The following are the options for the show_references parameter:

  • "all" Includes all the fields (default)

  • "author"

  • "bisac-prefix"

  • "esa-cricket-match"

  • "esa-football-match"

  • "esa-football-team"

  • "esa-football-tournament"

  • "isbn"

  • "imdb"

  • "musicbrainz"

  • "musicbrainzgenre"

  • "opta-cricket-match"

  • "opta-football-match"

  • "opta-football-team"

  • "opta-football-tournament"

  • "pa-football-competition"

  • "pa-football-match"

  • "pa-football-team"

  • "r1-film"

  • "reuters-index-ric"

  • "reuters-stock-ric"

  • "witness-assignment"

Examples

## Not run: 
# Return all tags containing "apple"
apple1 <- gu_tags(query = "apple")

# Return all tags containing "apple" in the technology section
apple2 <- gu_tags(query = "apple", section = "technology")
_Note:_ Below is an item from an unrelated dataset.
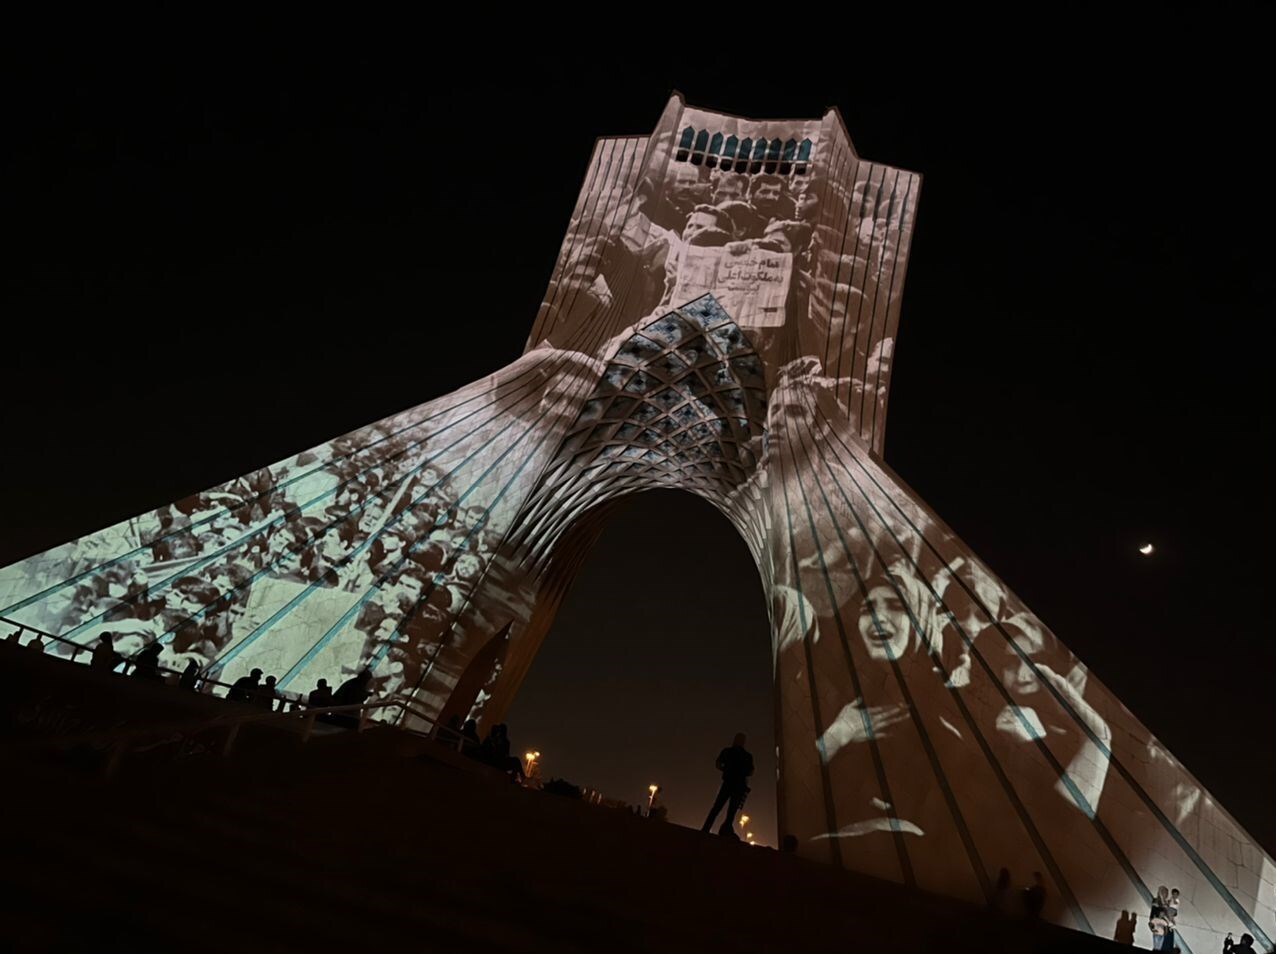 برج آزادی؛ میراث و هویت مدرن ایران

# Return all contributor tags in the life and style section
tag_sec_type <- gu_tags(section = "lifeandstyle", tag_type = "contributor")

## End(Not run)

Tge guardianapi package

Description

Access to 'The Guardian' open API https://open-platform.theguardian.com/, containing all articles, video and images published in the 'Guardian' from 1999 to the present. Users must register and use an API key, which can be saved with the gu_api_key() function, or as the GU_API_KEY environmental variable. Free users can make up to 5,000 calls per day and 12 calls per second, and access all article text and associated metadata. Images and video require a commercial subscription.